When should I use performance?

performance is useful in the following scenarios: • Profiling and Benchmarking: Identify performance bottlenecks in Ruby scripts and compare different implementation approaches using statistical analysis tools. • Memory Footprint Reduction: Optimize memory usage by implementing frozen string literals, lazy enumerables, and reducing unnecessary object allocations. • Algorithm Optimization: Enhance execution speed by selecting appropriate data structures (like Sets vs Arrays) and implementing memoization for expensive computations. • Garbage Collection (GC) Tuning: Analyze GC statistics and adjust environment variables to reduce GC pressure and improve application throughput. • Concurrency and Parallelism: Implement modern Ruby concurrency features like Ractors for CPU-bound tasks and Async or Threads for I/O-bound operations.

name	performance
description	This skill should be used when the user asks about "Ruby performance", "optimization", "profiling", "benchmarking", "memory", "garbage collection", "GC", "benchmark-ips", "stackprof", "memory_profiler", "slow code", "speed up Ruby", or needs guidance on making Ruby code faster.
version	1.0.0

Ruby Performance Optimization

Guide to profiling, benchmarking, and optimizing Ruby code.

Profiling First

Always measure before optimizing.
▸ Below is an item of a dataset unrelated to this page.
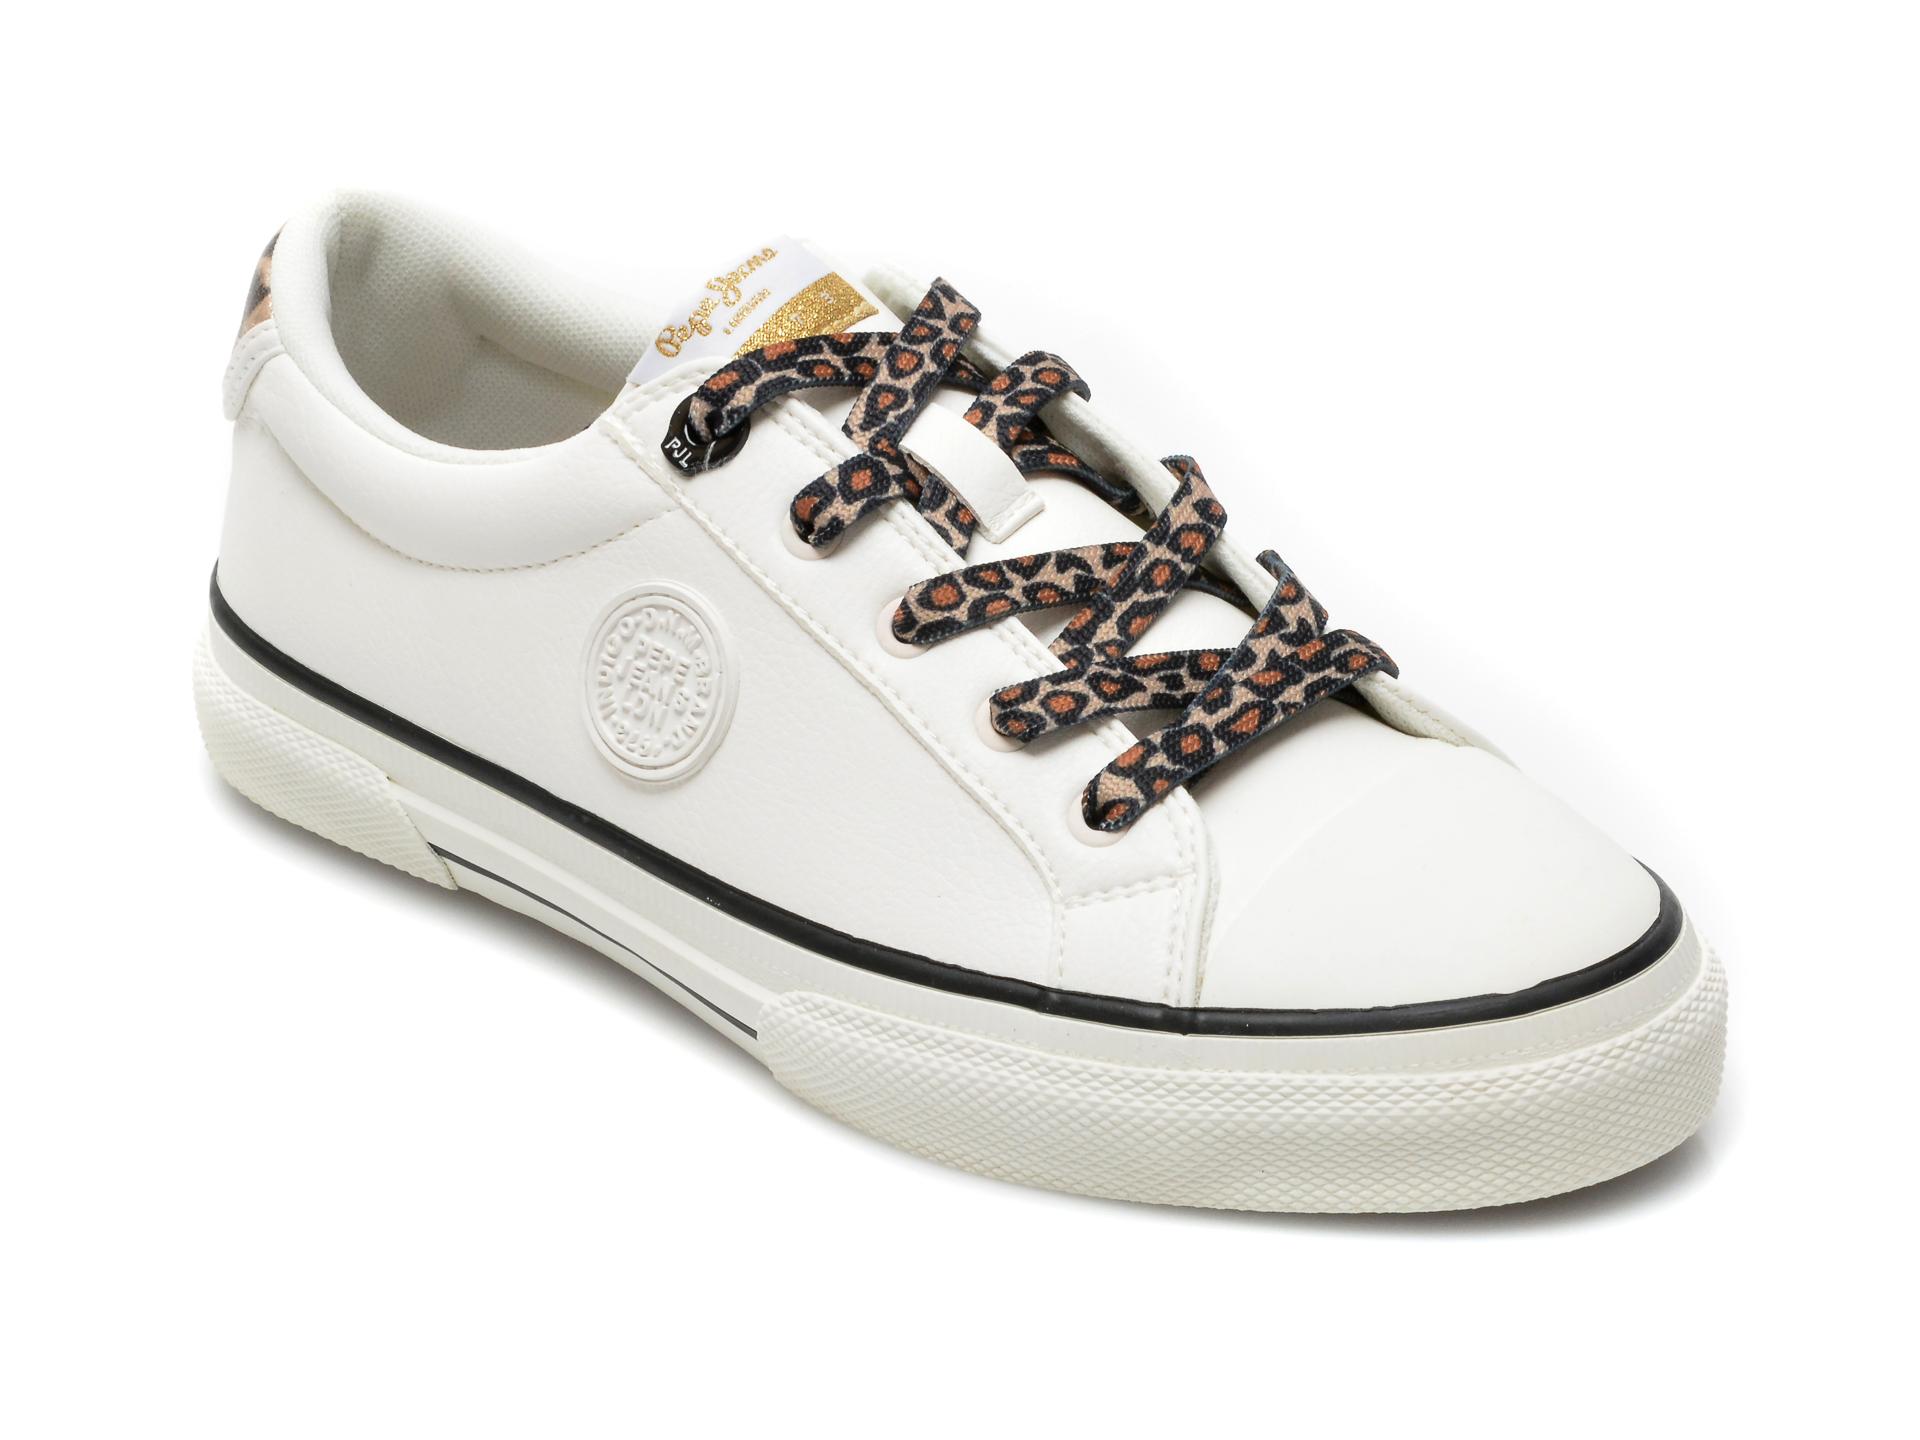 Pantofi sport PEPE JEANS albi, LS31234, din piele ecologica

Identify bottlenecks with profiling tools.

benchmark-ips

Compare implementations with statistical significance:

require "benchmark/ips"

Benchmark.ips do |x|
  x.report("map + flatten") do
    [[1, 2], [3, 4]].map { |a| a * 2 }.flatten
  end

  x.report("flat_map") do
    [[1, 2], [3, 4]].flat_map { |a| a * 2 }
  end

  x.compare!
end

# Output:
# flat_map:  1234567.8 i/s
# map + flatten: 987654.3 i/s - 1.25x slower

stackprof (CPU Profiling)

require "stackprof"

StackProf.run(mode: :cpu, out: "tmp/stackprof.dump") do
  # Code to profile
  1000.times { expensive_operation }
end

# View results
# $ stackprof tmp/stackprof.dump --text
# $ stackprof tmp/stackprof.dump --method 'YourClass#method'

memory_profiler

require "memory_profiler"

report = MemoryProfiler.report do
  # Code to analyze
  data = process_large_dataset
end

report.pretty_print
# Shows allocated objects, retained objects, memory by gem/file/location

Memory Optimization

Reduce Object Allocations

# Bad: Creates many intermediate objects
def bad_join(items)
  result = ""
  items.each do |item|
    result = result + item.to_s + ", "  # Creates new strings each time
  end
  result
end

# Good: Modify in place
def good_join(items)
  result = +""  # Unfrozen empty string
  items.each do |item|
    result << item.to_s << ", "
  end
  result
end

# Best: Use built-in
items.join(", ")

Frozen String Literals

# frozen_string_literal: true

# All string literals are now frozen (immutable)
# Reduces memory by reusing string objects
name = "Alice"  # Frozen, shared across uses

Symbol vs String

# Symbols are interned (shared in memory)
# Good for hash keys, identifiers
hash = { name: "Alice", age: 30 }  # Symbol keys

# Strings are mutable, not shared
# Good for user data, content
hash = { "user_input" => value }

Lazy Enumerables

# Bad: Loads entire file into memory
File.readlines("large.txt").select { |l| l.include?("ERROR") }.first(10)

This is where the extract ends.